米国ワシントン州シアトルで、消毒剤を使用してバスを清掃する車両メンテナンス担当者(2020年3月2日、写真:ロイター/アフロ)

(北村 淳:軍事社会学者)

 アメリカ海軍当局は米大平洋艦隊艦艇(最近、アジア地域に寄港した艦艇)に対して、14日間にわたる自己検疫隔離措置を下命した。韓国や日本やシンガポールをはじめとするアジア太平洋沿岸諸国に寄港した場合、艦艇に乗り組んでいる将兵が新型コロナウイルス感染症(COVID-19)に罹患している可能性が否定できないからである。そのため、該当する軍艦は今後少なくとも2週間はどこにも寄港せずに海上を遊弋(ゆうよく)していなければならない、ということになった。

アメリカでは遠いアジアの出来事

 アメリカ海軍当局による自己検疫隔離措置は、太平洋とインド洋を主たる活動範囲にしている大平洋艦隊(第7艦隊、第3艦隊)に所属している艦艇に対するものであって、現在のところ大西洋や地中海を主たる活動範囲とする艦艇に対しては発せられていない。

 このことは、米海軍当局だけでなくアメリカ公衆衛生当局をはじめとするアメリカ政府、そしてアメリカ一般社会での、今回のCOVID-19に対する初動対応(初期における危機意識)の特徴を如実に表している。それは一言で言うならば、「新型コロナウイルスの感染拡大は遠いアジアでの出来事であり、アメリカはそれほど危険ではない」という意識があったことだ。すなわち、いまだにヨーロッパ系を祖先とする人々が多くの社会中枢を担っているアメリカ社会の底流に存在している意識である。

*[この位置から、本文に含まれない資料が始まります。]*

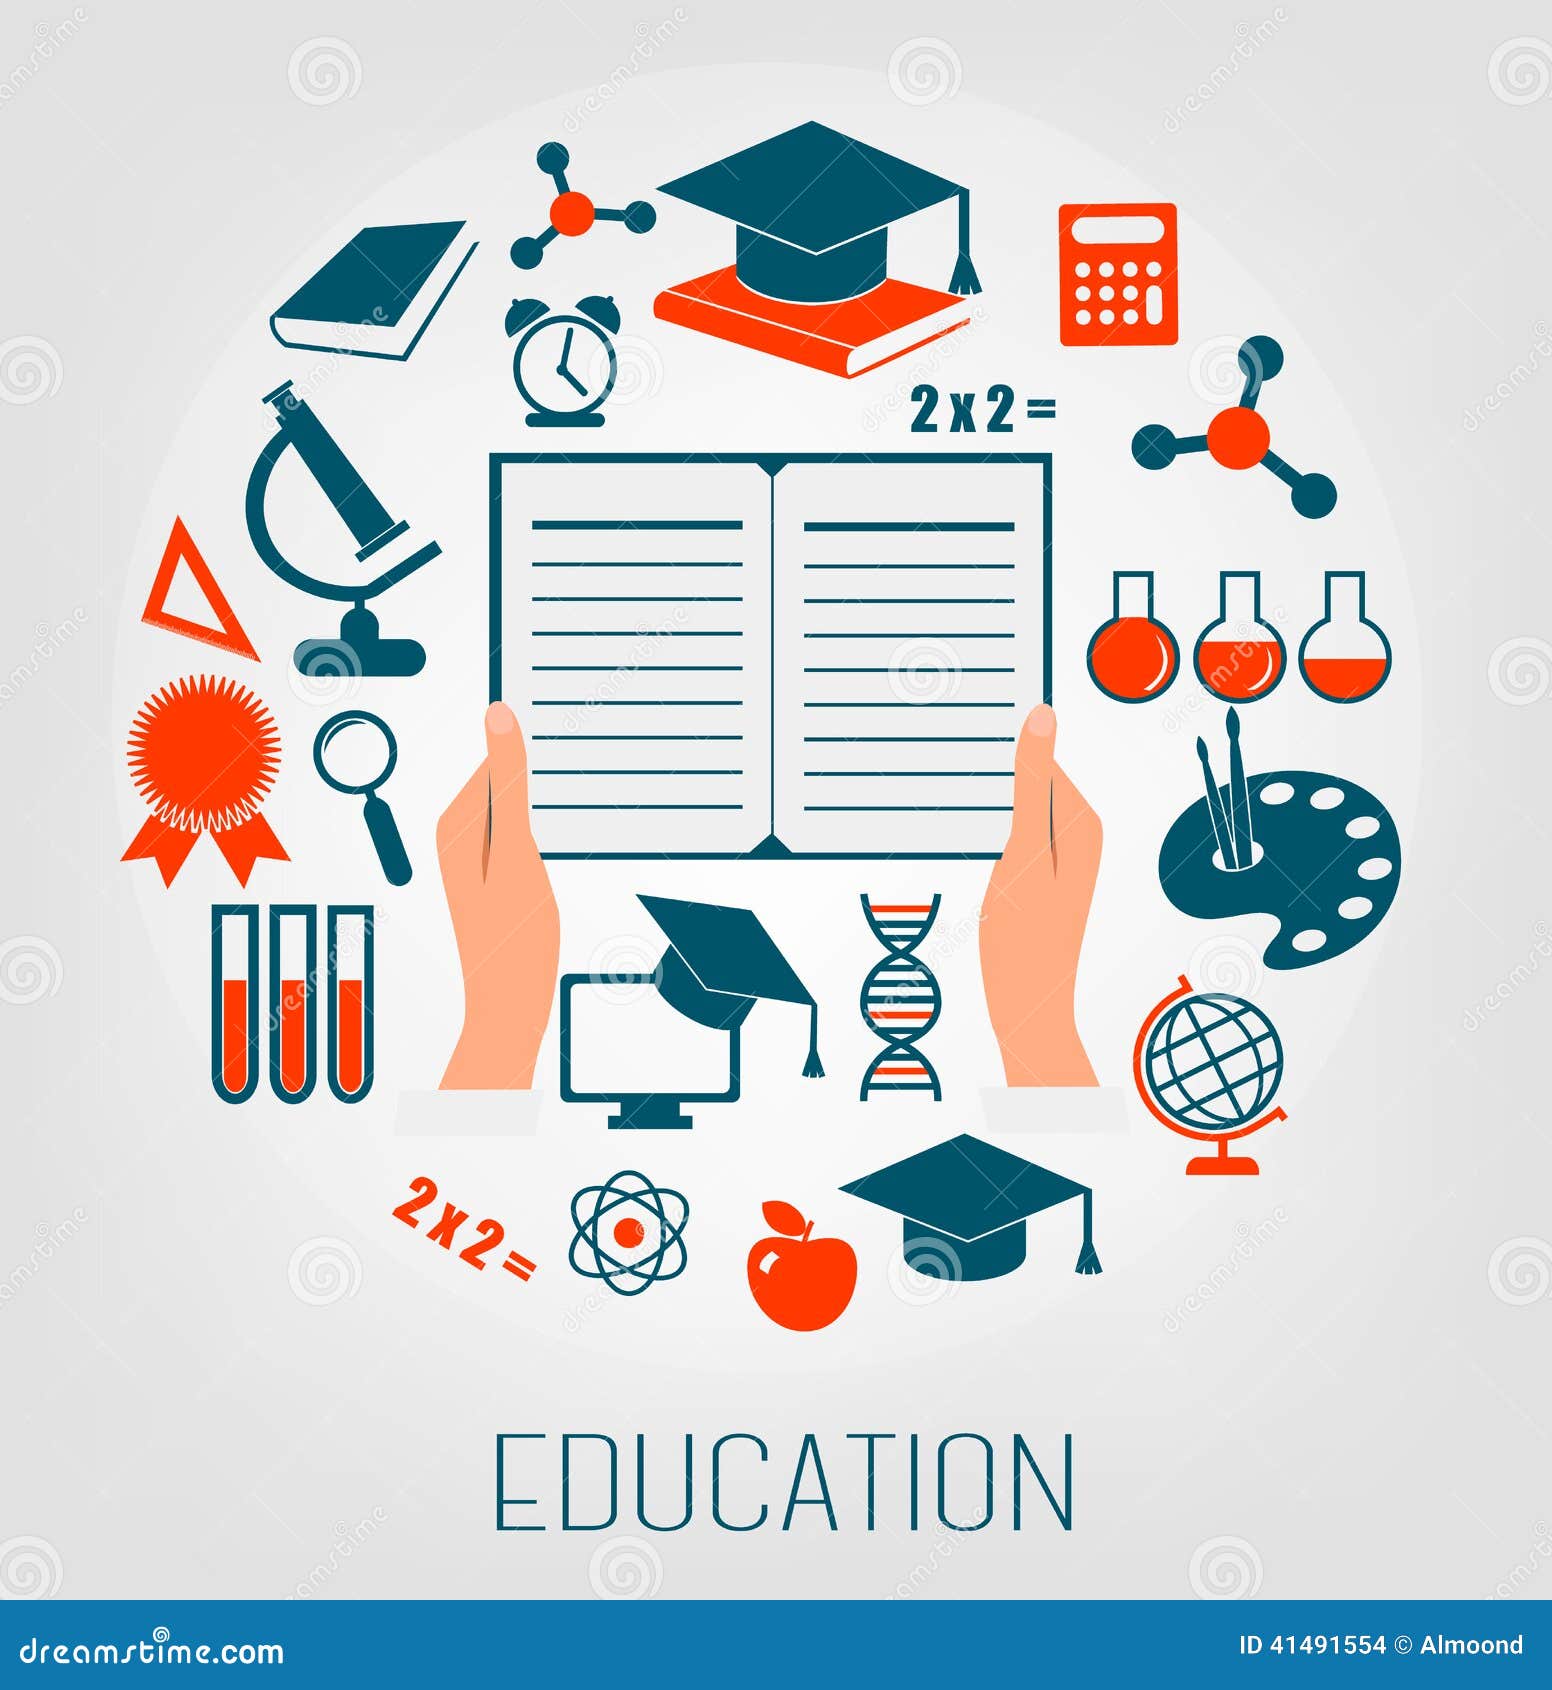 online learning clipart - photo #44

 もちろん、連邦政府をはじめとする政府機関や軍組織、それに高等教育機関などでも中枢ポストに就いているアジア系やアフリカ系の人材は多数いる。とはいえ、アメリカ社会とりわけ国家の方向を動かすようなレベルにおいては、ヒスパニック系ではない白人が優位に立っていることは否定できない。

CDCも当初は「インフルのほうが危険」

 もし、COVID-19の発生と初期段階での感染拡大が、中国、香港、シンガポールをはじめとするアジアではなく、イタリアやフランスなどのヨーロッパ(とりわけ西欧)地域であったならば、アメリカ公衆衛生局を中心とする米政府当局やアメリカ社会のCOVID-19に対する初期段階での反応と公的対応は、大きく違ったものであったことは間違いない。